Features to look for in a deep fry thermometer:

  • Accuracy: in non-digital models, look for small gradations of measurement (e.g. every 2 degrees rather than every 5-10 degrees). In digital models, look for one that measures by single degrees.

  • Easy-to-read: make sure the numbers and markings big and clear enough to read easily. If your bulb or dial model has markings for candy-making (e.g. soft ball, hard ball) or deep frying (e.g. chicken, French fries), make sure they words are clear and don’t obscure the numbers or measurement lines.

  • Speed: how fast a thermometer registers changes in temperature can range from 2-30 seconds or more. Bulb and dial thermometers tend to be slower than digital models. A delay of 30 seconds can be detrimental to the success of your recipes, but unfortunately most models don’t advertise the temperature change speed.

  • Pan clip: since they must be constantly immersed in hot liquid, a pan clip is critical. Look for one that is adjustable so that it can move up and down the length of the thermometer.

  • Tip sensors: since the temperature sensors of most dial thermometers aren’t located at the tip (as in bulb or digital models), it must be immersed in a minimum depth of liquid. Bulb and digital thermometers usually have the sensor right in the tip.

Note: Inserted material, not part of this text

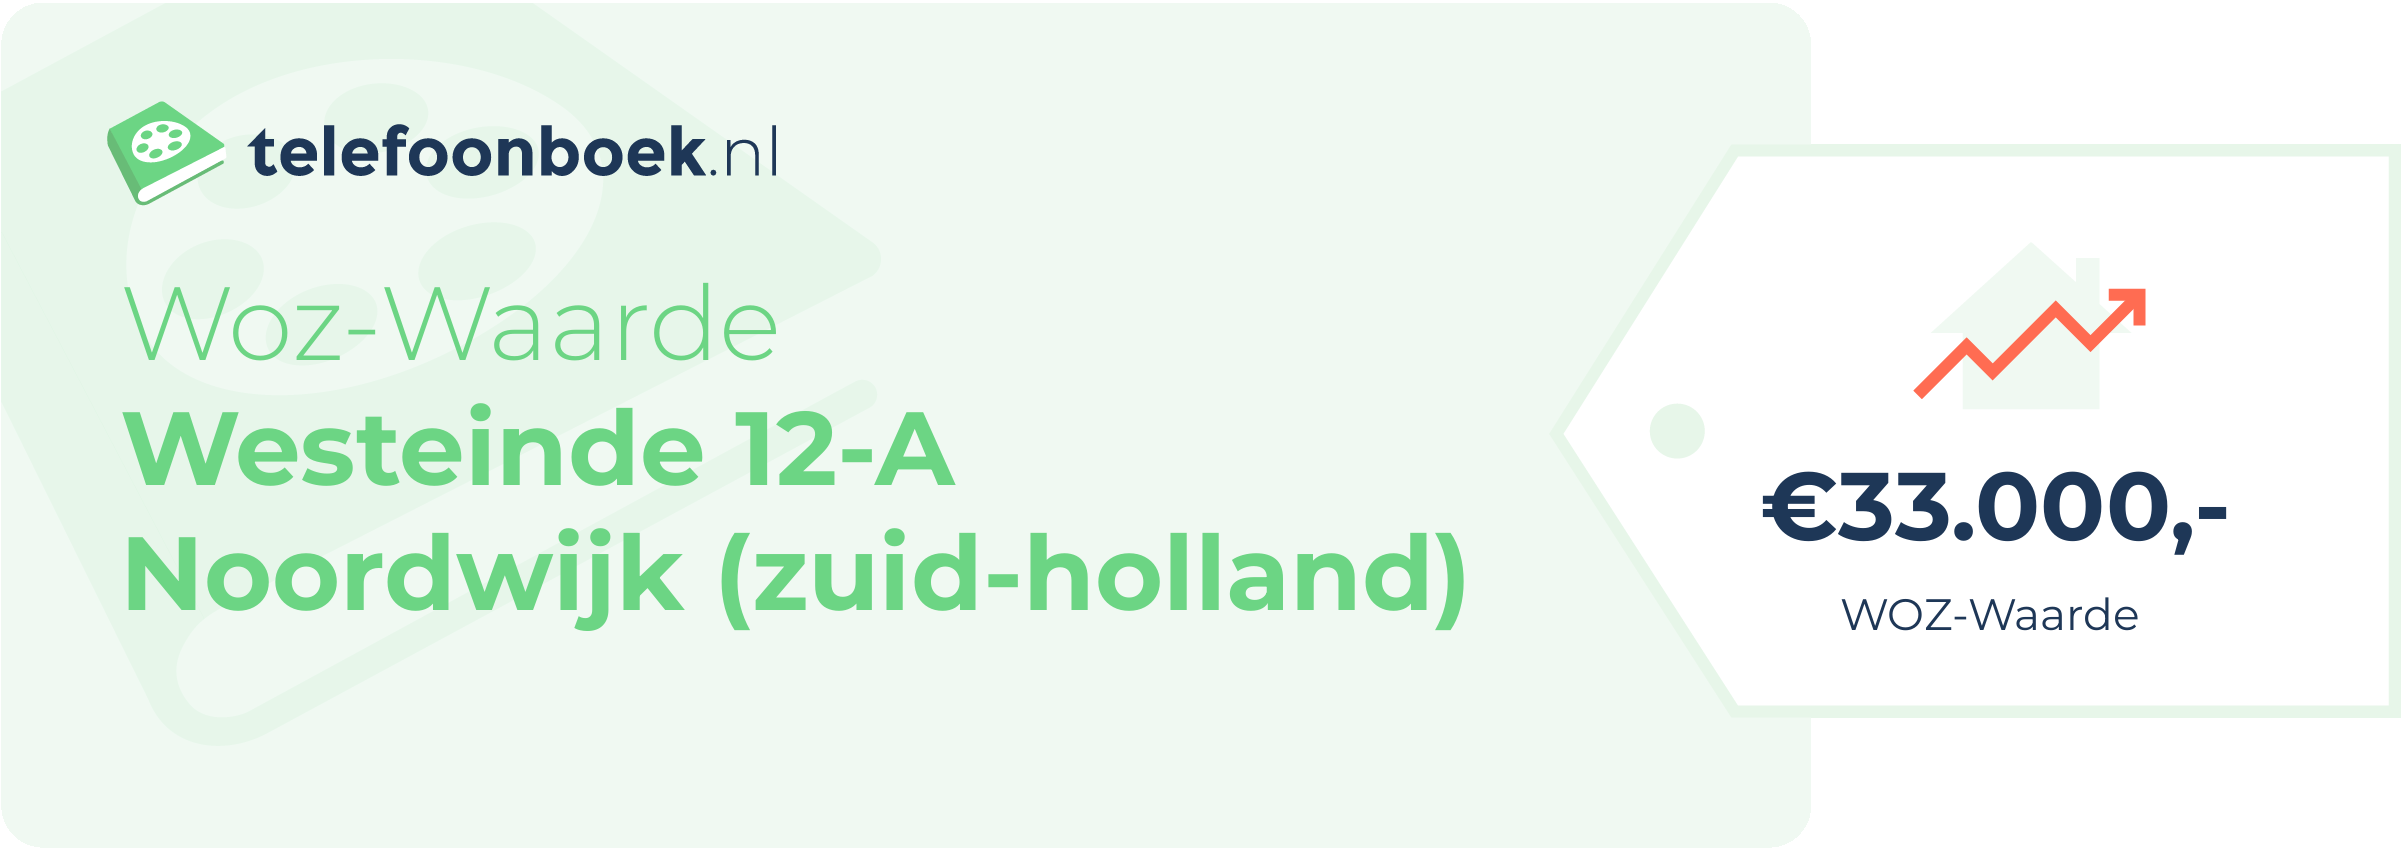 WOZ-waarde Westeinde 12-A Noordwijk (Zuid-Holland)

  • Dual units: look for a thermometer with both Fahrenheit and Celsius clearly marked. Most digital thermometers will have a switch to change the display back and forth.

  • Settings and alarms: with digital thermometers, look for as many presets, timers, and alarm features as possible to help ensure you don’t over- or undercook.

  • Auto-shut off in digital thermometers is helpful for saving batteries.

  • Manual calibration features allow you to reset a thermometer that might have gone off.

Be Aware

  • Always heed the recommended temperature range of your thermometer to avoid damaging it.

  • Never allow the tip of your thermometer to touch the bottom of the pan while deep-frying or making candy, or it could read incorrectly and may become permanently damaged by the high heat.

  • Always allow your thermometer to cool before washing it. Sharp changes in temperature can cause a thermometer’s tube to shatter or its sensor to become damaged.


Where better than a fry shop to test out our digital thermometers? Pass the ketchup!

  • TruTemp by Taylor Candy (bulb: glass tube): $4
. . Amazon.ca Amazon.com
  • Maverick Redi-Chek Candy/Oil Deep Fry Thermometer (bulb: ruler): $15
. . Amazon.com
  • Taylor Connoisseur Series Candy/Deep Fry Thermometer (dial: instant-read): $32
. . Amazon.ca Amazon.com
  • CDN Combo Probe: thermometer, timer & clock (digital: remote): $44
. . Amazon.ca Amazon.com

(Note: prices listed above are approximate and in Canadian dollars)

Deep Fry Test

We tested each thermometer for speed, accuracy, and ease of use in a vat of boiling oil, while we deep fried ourselves some delicious Mars bars:

  • The TruTemp tube thermometer was a little difficult to read, especially when the glass steamed up. It was also off by 11 degrees in our accuracy test!

  • The Maverick Redi-Chek ruler thermometer was easy to use, but it can’t be used for other things like meats. Big strike against it. And when we washed it after the test, the numbers rubbed off. Not good!

  • The Taylor dial thermometer was very easy to read, with a large face, but it was a bit tippy and hard to secure. Also, it only had Fahrenheit measurements.

  • The CDN combo probe digital thermometer was easy to read and easy to use. Plus, it was also versatile and can be used for deep frying, candy-making, meat, and other things.


Even though the CDN combo probe digital thermometer was the most expensive, it’s also the most versatile, and has some features that can’t be beat by any of the others we tested. So while you might save some money on a non-digital model, you may end up having to buy more than one thermometer for different things. The versatility and ease of use of the CDN digital thermometer makes it our top pick.